JNL and Nursing Insights were both launched this year.
Yet to launch are an app and an event based around “influencers in the profession”.
Ask Nursing Times was launched in February 2024 and “searches the entire Nursing Times website and gives you the answer based on all of our articles”, said Ford. It has received more than 200,000 questions and was developed by Miso Technologies.
“The digital story is very positive, basically we’re trying a lot of things,” said Ford. “We’re putting money into all of that.”
Nursing Times to increase exclusive investigations
No redundancies have yet been made as a result of the print magazine closing, with resources planned to move to digital instead and JNL in particular.
Nursing Times has an eight-strong full-time editorial team, plus two part-timers. Half of the team are clinical editors, and the other half news reporters and production staff.

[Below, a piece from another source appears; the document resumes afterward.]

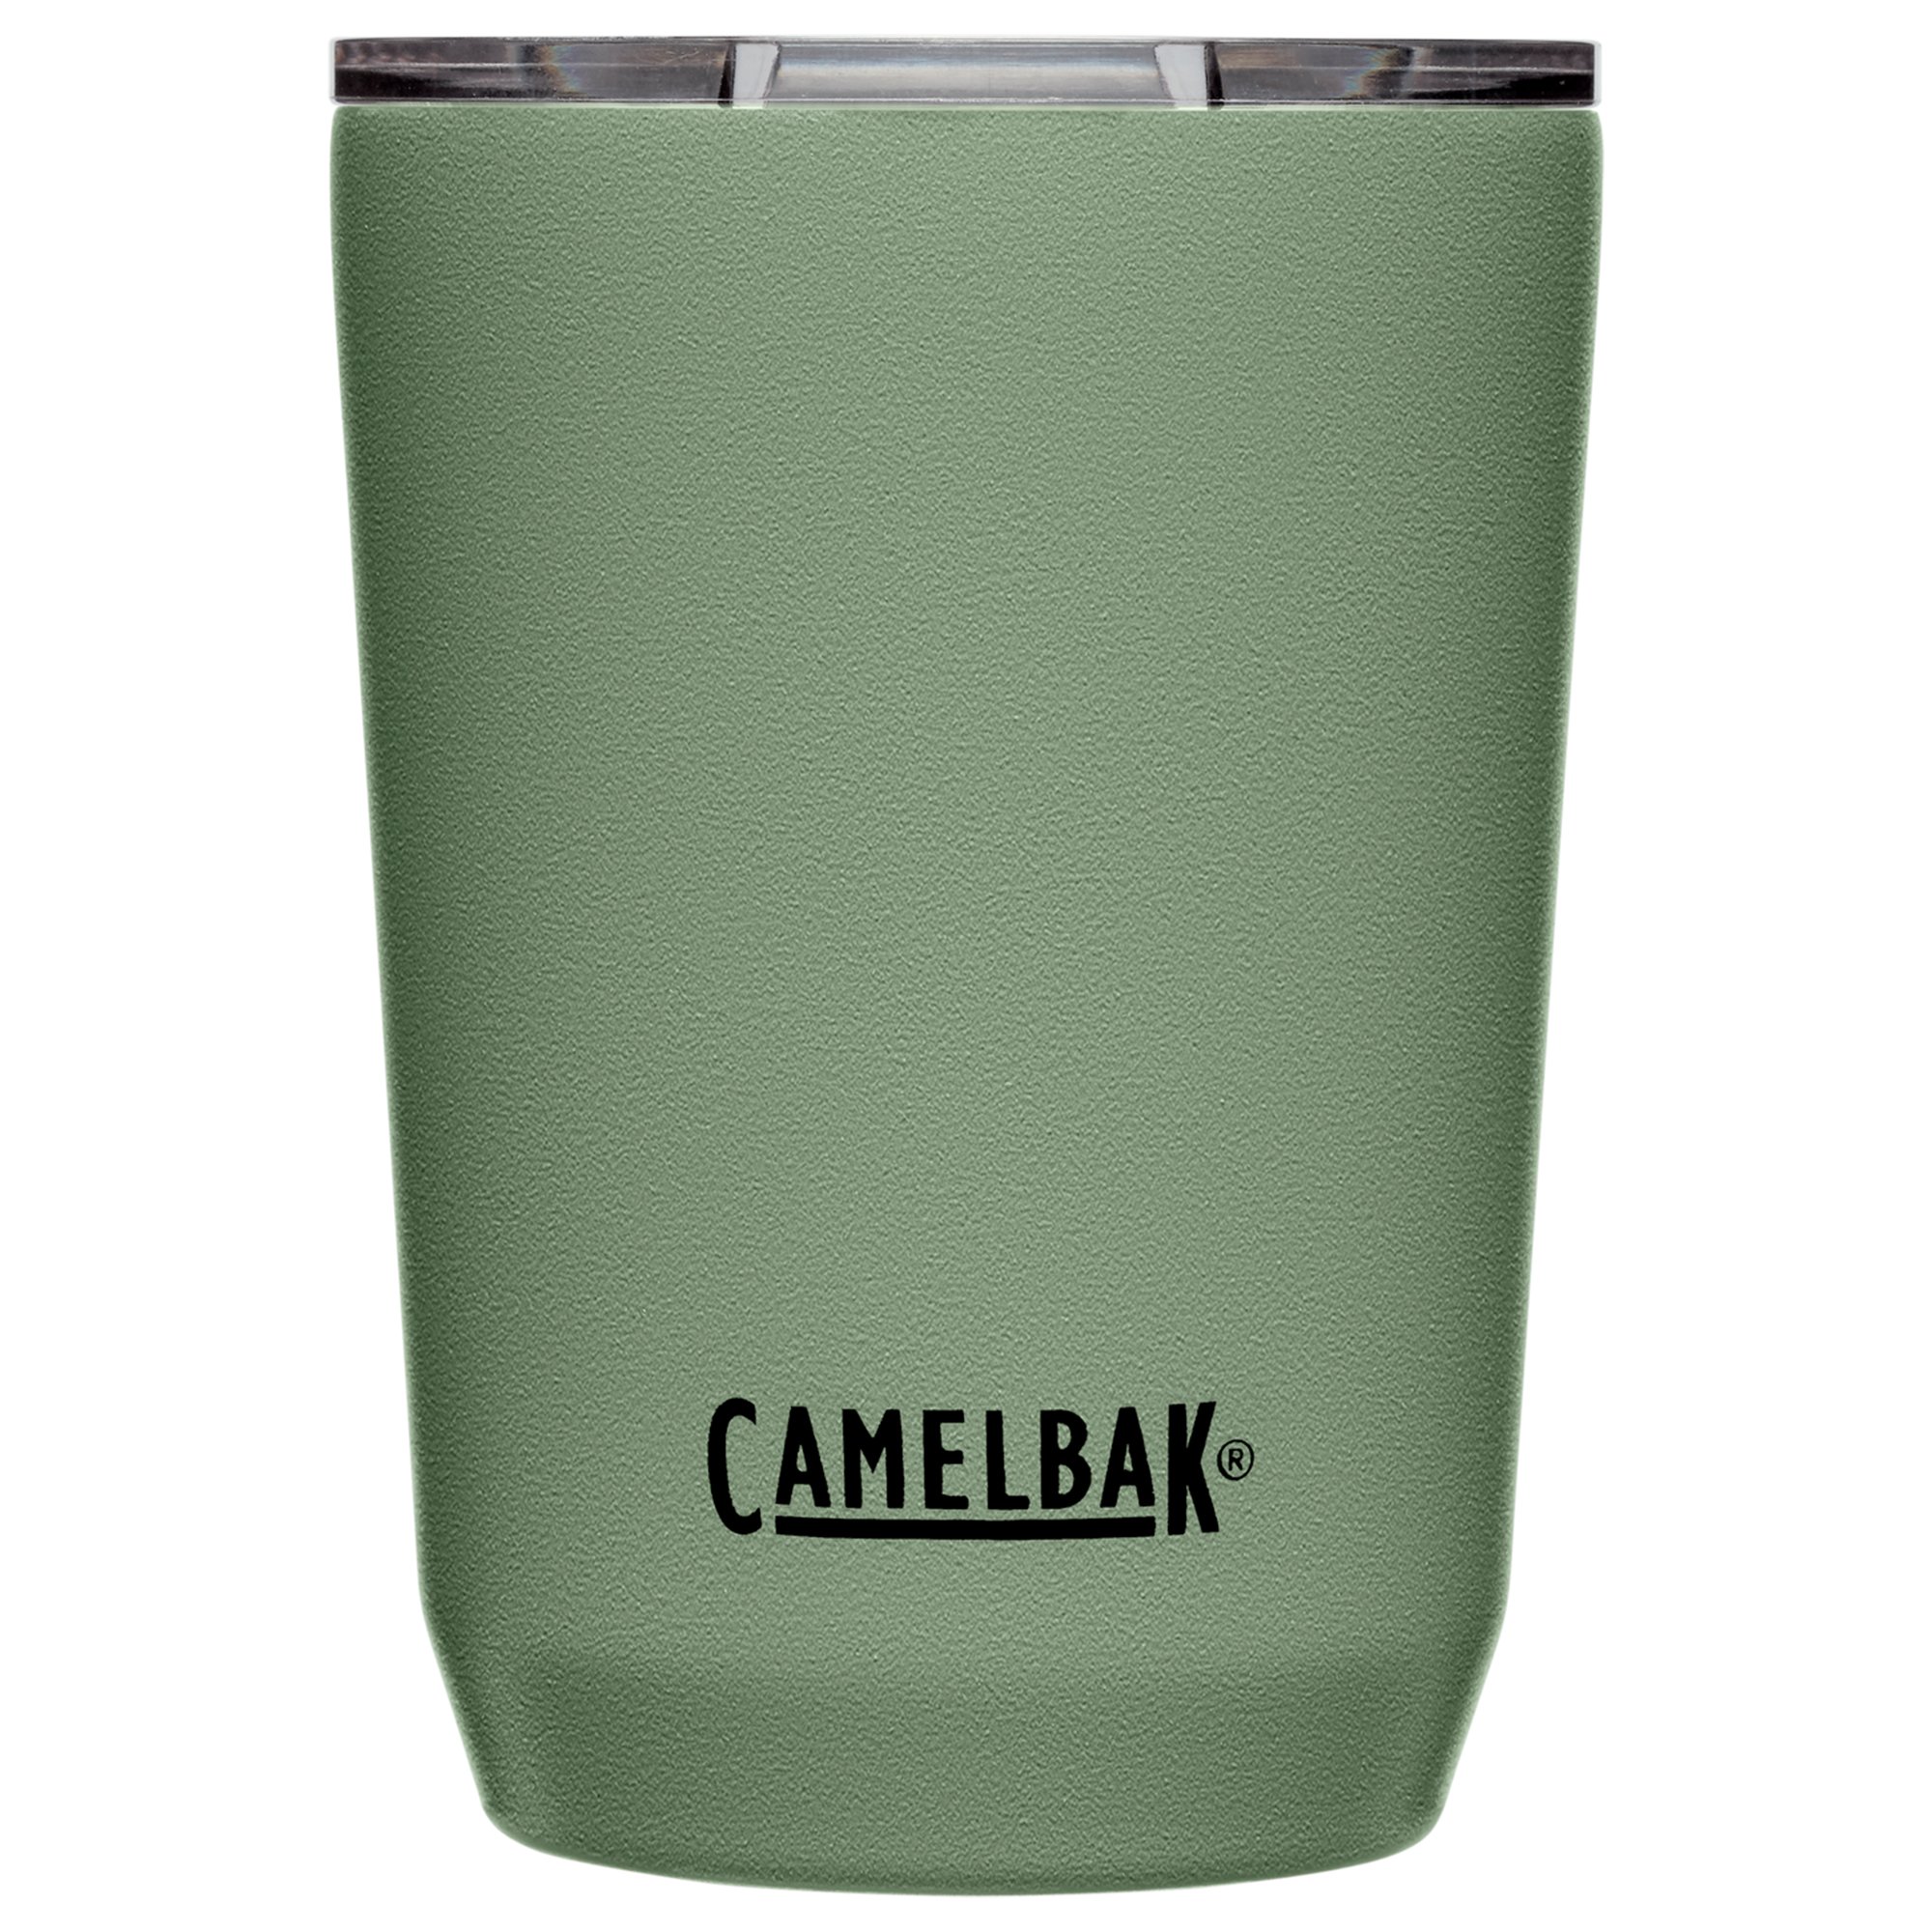 Camelbak Tumbler termokrus 0,35 liter, moss
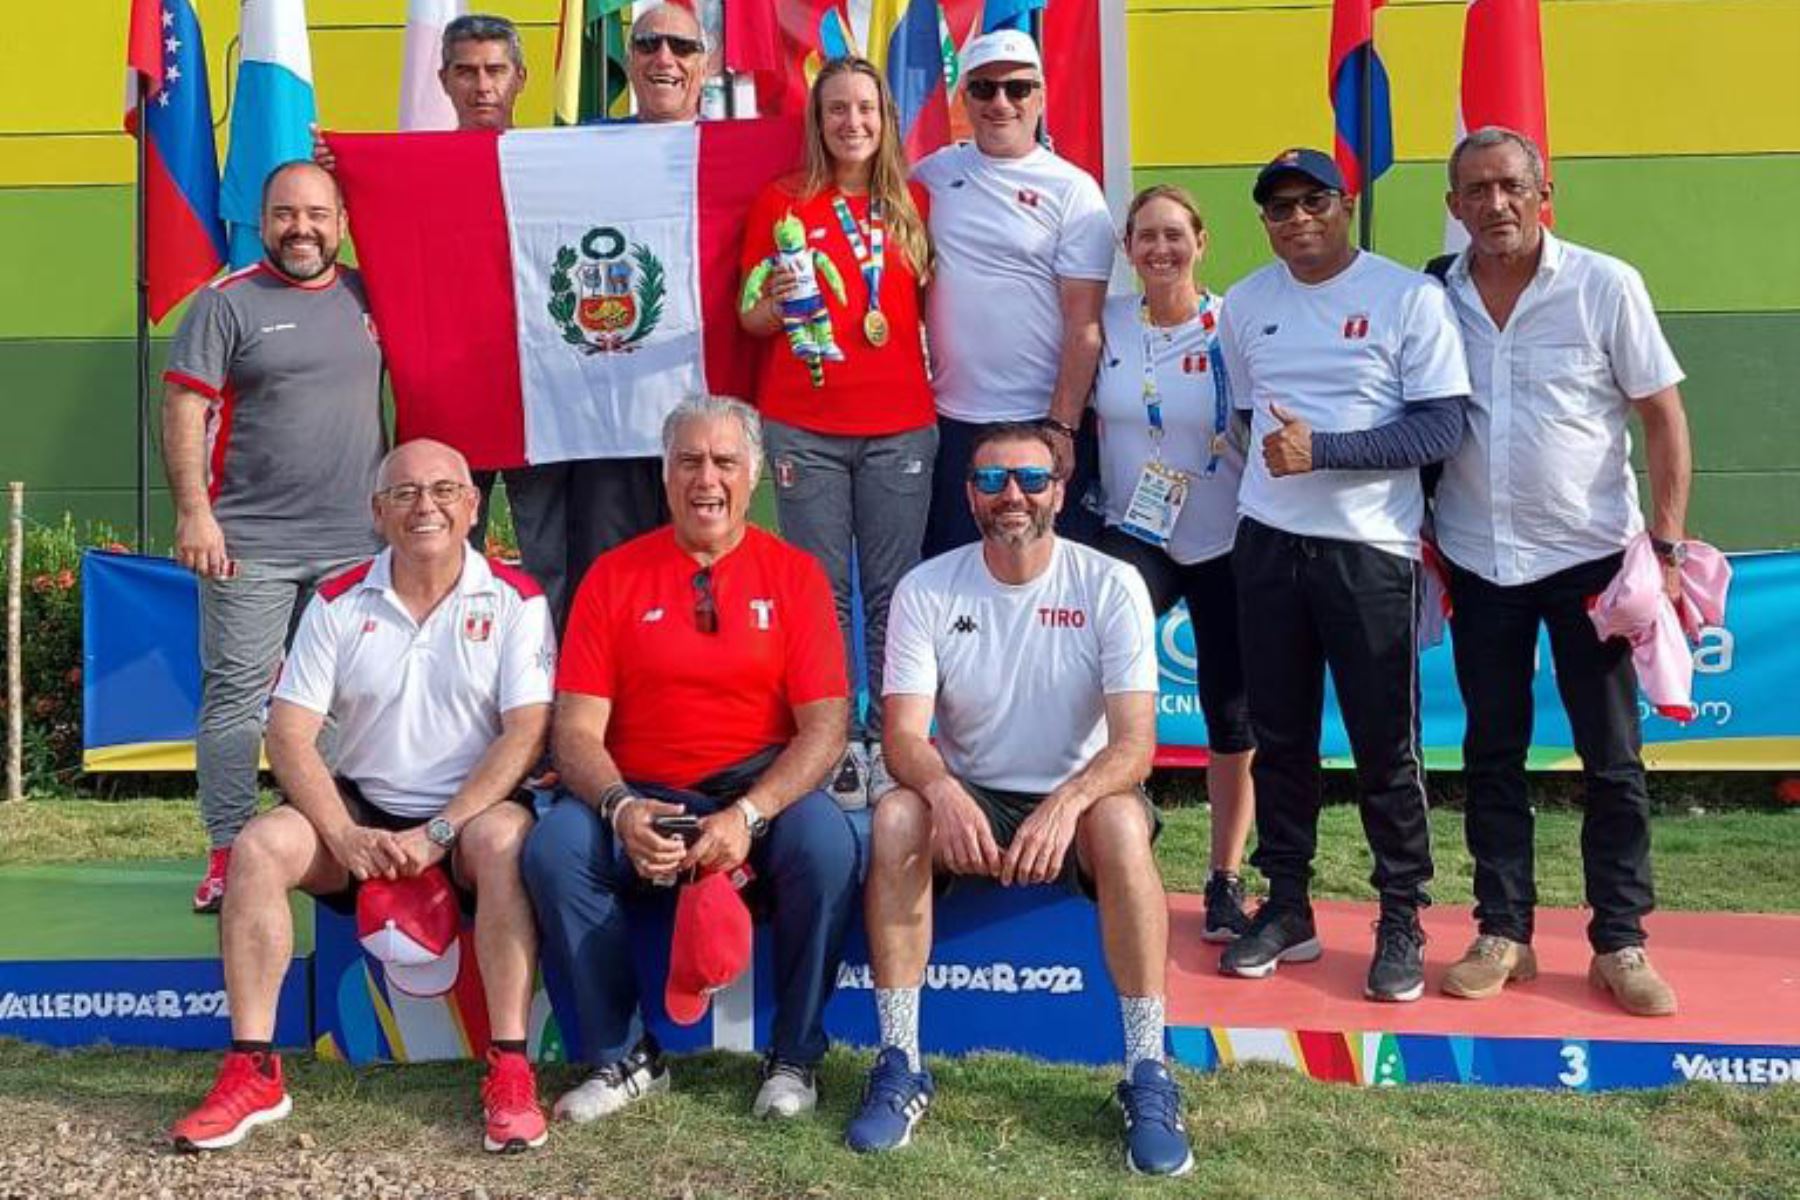 Perú confirma tercer lugar en los XIX Juegos Bolivarianos Valledupar 2022 con 97 medallas

Ford said the brand is aiming to focus on obtaining “more exclusive investigation content”.
Ford added the title is “constantly trying to introduce new tools” to the website, “so that we keep our subscription base stable, and then hopefully start to significantly grow it again”.
Nursing Times magazine sold for £12.99 per print copy during its most recent distribution.
Nursing Times now offers a “basic digital” subscription package, not including Nursing Insights, for £62 for one year.
Its “premium digital” package, including Nursing Insights, is priced from £247 a year. Access to only Nursing Insights costs from £147 a year.
It has an “archive only” offering, excluding both new Nursing Times online content and Nursing Insights, that costs £30 per quarter.
Nursing Times is owned by Metropolis International which runs more than 40 specialist and B2B titles.
Metropolis International Group reported turnover of £13m in 2024 (down from £13.3m) and profit (EBITDA) of £905,000 (down from £1.2m in 2023).